Give thy thoughts no tongue. (~Hamlet, Act 1, Scene 3)
Mr. Tess went grocery shopping, and what did he find: a frozen 3 pound tongue! Oh no
room in the freezer, so what to make with it? I’ll give you no pictures of the tongue
in its original state, but if you search and find an image, don’t tell me about it!
Truth be told, I love tacos de lengua and have even made them myself, from scratch. And pickled tongue makes a lovely sandwich. Neither of these foods is even remotely Japanese, but a quick search on the net showed me that grilled thinly sliced beef tongue is a popular item on many restaurant menus, especially yakiniku places. The Japanese word for cow gyu (牛) is combined with the English word for tongue to become gyutan (牛タン). After the World War II, it became a speciality in Sendai, Japan—using cow tongues and tails leftover from the occupation forces. —from Wikipedia
Cooking a tongue is easy: wash it with cold water and salt, then boil it for a few minutes. Change the water, and cook with seasonings of your choice. The key to tenderness is low and slow with a very gentle simmer. When the meat is done, remove the tongue from the broth and easily pull the tough skin away. Almost like peeling fruit!
Boldness be my friend! (~Cymbeline, Act 1, Scene 6)
But grilling tongue means that it must be peeled before it’s cooked. Yes indeed: boldness! The tongue was still mostly frozen when I cut it in half to use the front half for gyutan. Not so terrible, really! Cutting the tough skin was a slippery job. Luckily this was a veal tongue, much less tough and the taste buds were much smaller—almost velvety. Mr. Tess sharpened a knife to a razor edge, and I managed to cut the meat into thin slices. They could have been thinner, paper thin, but once this part was finished, it looked beautiful!
- 1/2 veal tongue (about 1 1/2 pounds, tip end), partially thawed
- 2 Tablespoons sesame oil
- 1 1/2 teaspoons salt
- 1 small bunch of green onion brushes .
- 2 tbsp rice vinegar
- 2 tsp white sugar
- 1 tbsp sesame oil
- 1/2 tsp red pepper flakes (chili flakes)
- 1 pinch coarse/kosher salt
- 1tsp toasted black sesame seeds
- Lemon or Lime wedges
- Dipping sauce, recipe follows
Use a razor sharp knife (and possibly vice-grip pliers) to pull the tough skin from the partially frozen meat.
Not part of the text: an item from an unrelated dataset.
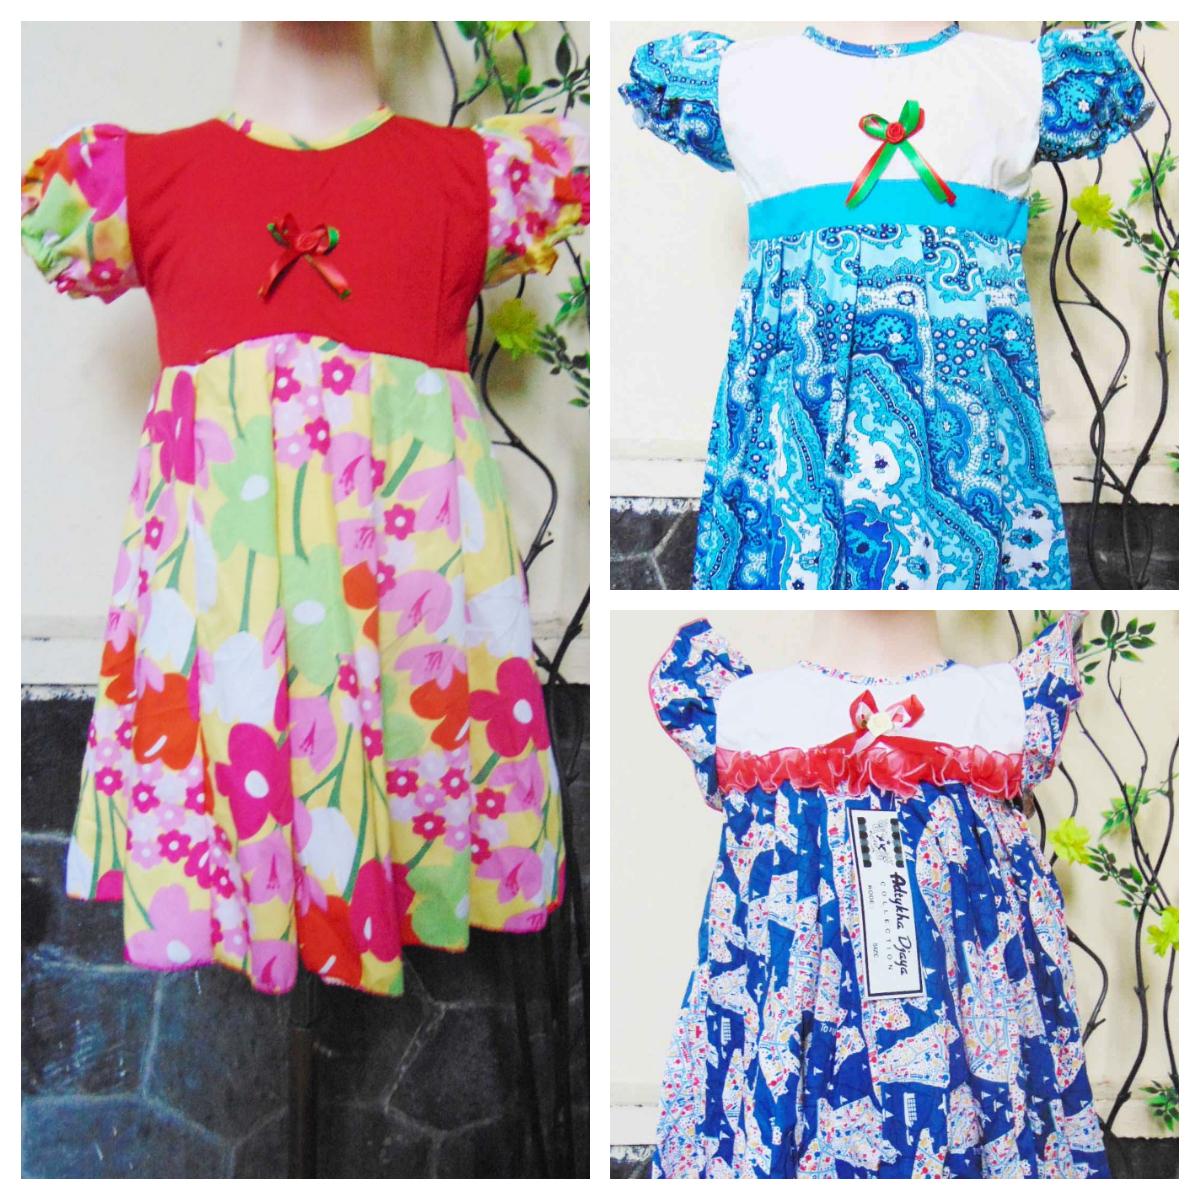 foto utama baju pesta dress baju bayi perempuan 2-3th Aneka Motif

Yes, a very messy and somewhat scary necessity! Not quite so disturbing with a calf tongue as it would be with an ox or cow tongue. Re-freeze the meat, and slice as thinly as you can. Paper thin is the goal!
Sprinkle salt over the tongue slices, then brush them with oil.
Make the green onion brushes. Combine the rice vinegar, sugar, oil chili flakes, and salt in a small bowl. Toss the onions with the mixture and garnish with the sesame seeds.
Heat a cast iron skillet over high heat. Add a batch of the thinly sliced tongue to the pan, in a single layer. Brush the slices with oil and turn over quickly. Cooking time is about 1 minute. Transfer to a plate, and cook another batch. Repeat until all the meat is cooked.
Garnish with the green onion brushes.
Serve with lemon or lime wedges, dipping sauce, and plain white rice and pickles.
Yummy link for this!
- 1 teaspoon of miso paste
- 2 teaspoons of sugar
- 4 teaspoons of soy sauce
- 1/2 teaspoon of sesame oil
- 1 small clove of garlic, grated finely
Add all ingredients together and stir together.